I've smoked off and on with a couple of Masterbuilts over the past few years, but have really started getting serious only in the last year or so, and have come to the realization that my little electric is not cutting it anymore. Looking to start in with offsets, but I certainly don't want to drop $1,000 on one. I've been doing some research and it seems like OK Joe is a decent cheap offset. Seems like the smoke stack and firebox are plenty big. I don't have a ton of comparison, but the steel seems thick (at least not overly thin). It looks like I can get a good amount of oxygen in and out. Still, I can't help but notice $300 is much less than the $1,000 that most "good" smokers start at. 

Everything I've read seems to suggest a tuning plate and some gasket are pretty important for an OK Joe, but other than that, is it worth it? Am I going to be kicking myself in 3 months for not just investing in a more expensive smoker? For context, I probably do a cook 3 out of every four weekends.


----------



## tx smoker (Feb 25, 2020)

Academy carries the line of Old Country smokers. I can never remember which is which but I've owned both of these. They have one that is $400 and a pretty darned good smoker!! I'd take that one over the OKJ any day. They also have the same size smoker but much heavier that is $1000. If you're looking toward the lower end, I'd highly recommend giving the $400 unit a look. I believe they are the Brazos and the Pecos but don't quote me on that  

Robert


----------



## tx smoker (Feb 25, 2020)

Hutch218 said:


> Am I going to be kicking myself in 3 months for not just investing in a more expensive smoker?

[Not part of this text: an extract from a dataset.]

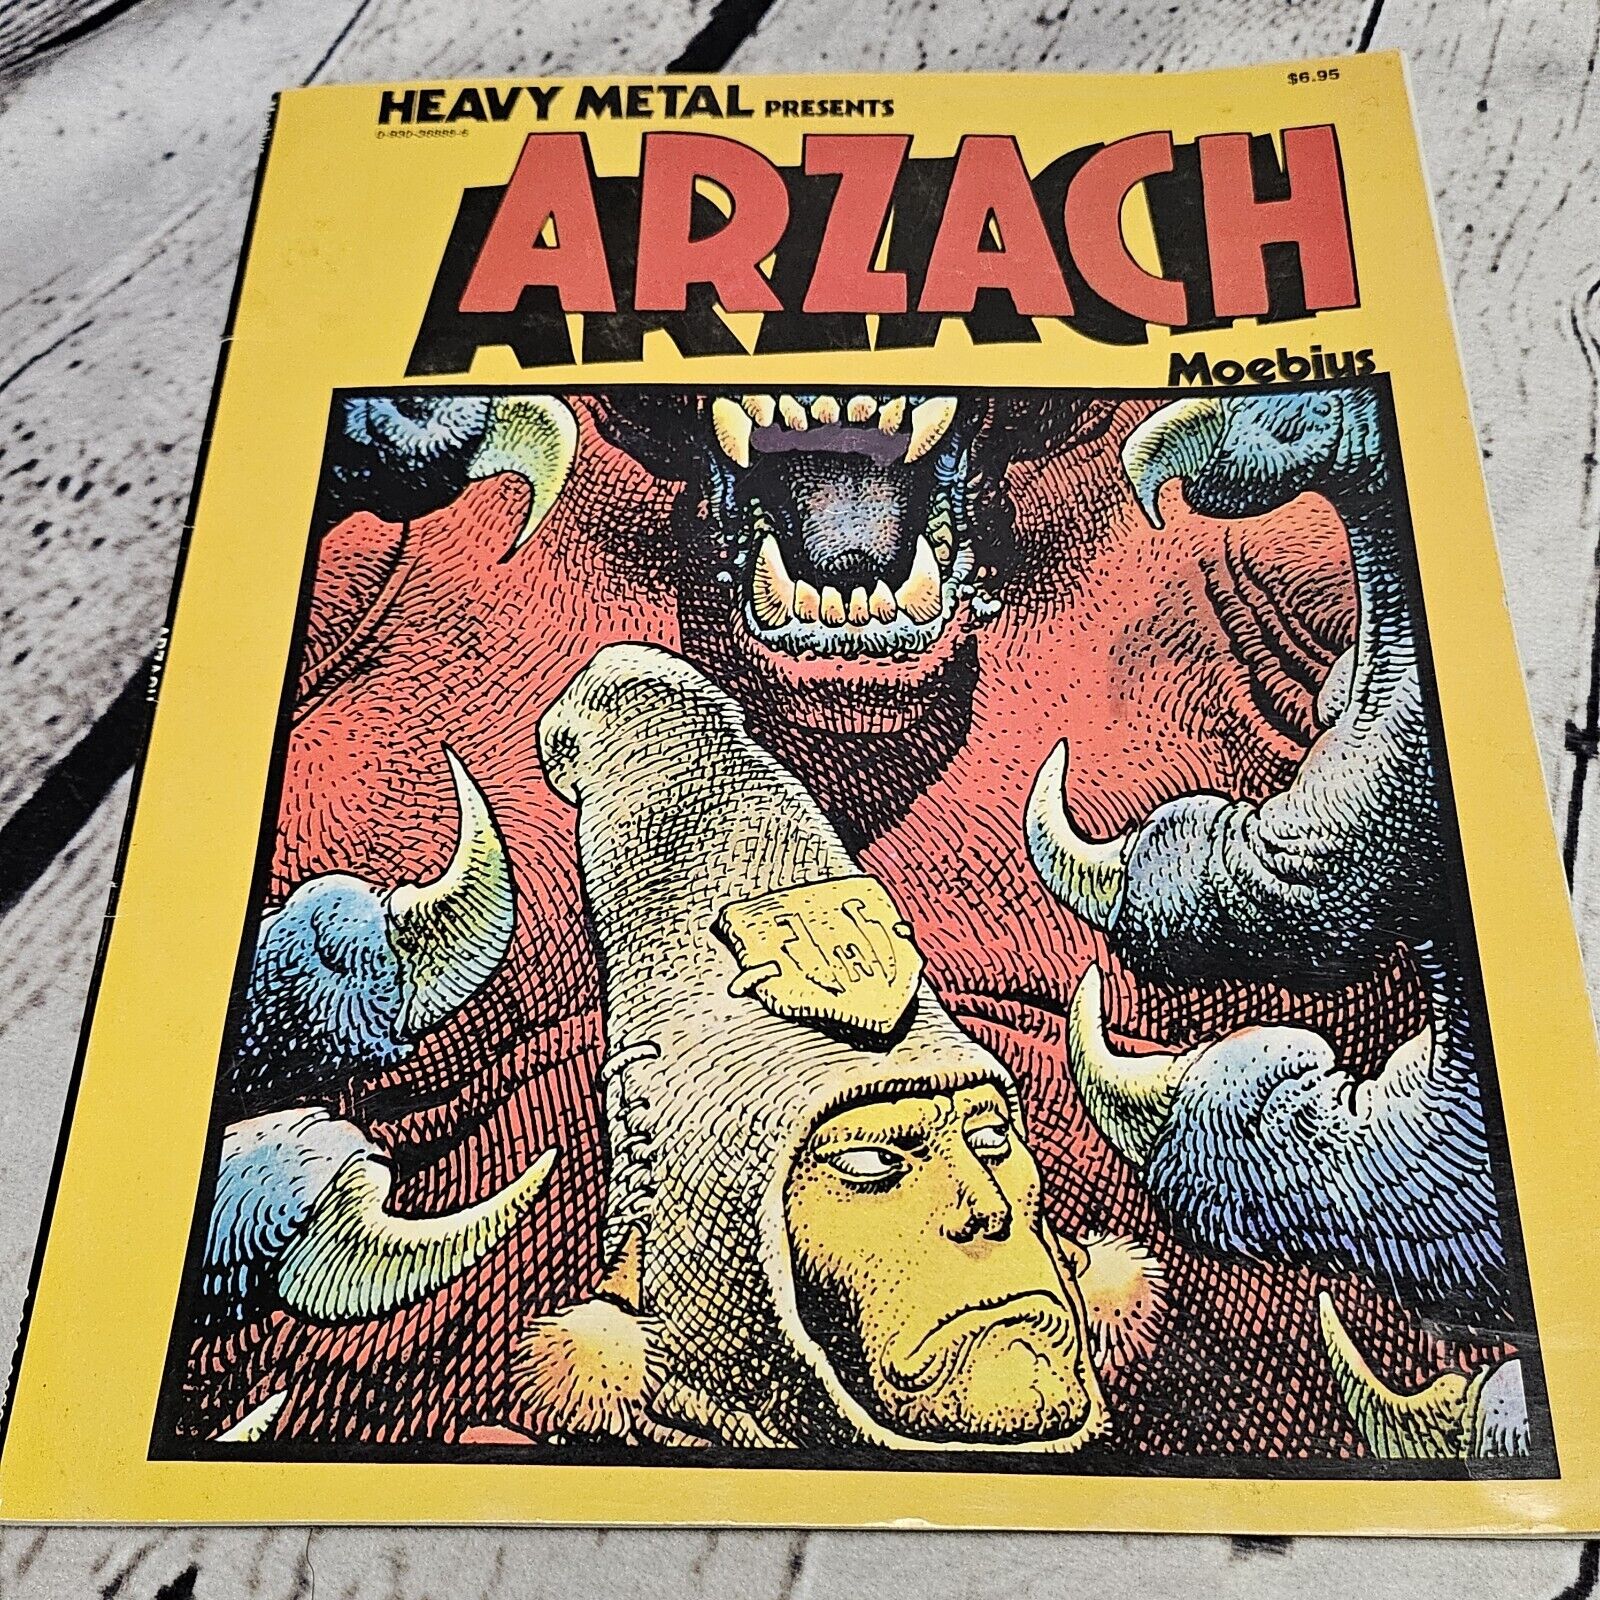 Heavy Metal Presents Arzach by Moebius 1977 1st Edition VTG Softcover 64pp FN+

I missed this part. Yes, you are going to be kicking yourself. Believe me, I've run the gamut. At the end of the day I've spent WAY more money trying to save money than if I'd just gotten a good one in the beginning.

Robert


----------



## HalfSmoked (Feb 25, 2020)

As with anything cheap is cheap and good is not cheap. The old saying you get what you pay for. What I don't understand with many on this forum they buy something cheaper than spen $ to make it better why not buy something better to start with. Just my $.02.

Warren


----------



## Glock9x19 (Feb 25, 2020)

Old Country Pecos from Academy is what you seek.  Wrangler is seemingly discontinued.


----------



## RiversideSm0ker (Feb 25, 2020)

I’ve had mine for over two years now. I was super lucky to get it on clearance at Walmart for only $75. I’m going to say though that I still believe it’s worth the $300 price tag. 

I’m going to say that in my opinion all of the mods you hear about are just not mandatory. The only mod I have ever used is the lavalock seal around the door of the cooking chamber. I honestly recommend that as the only mod to begin with. Sure you can buy all of the tuning plates and all but the cost will double. For that price you are really approaching the top grade brand price for an entry level offset.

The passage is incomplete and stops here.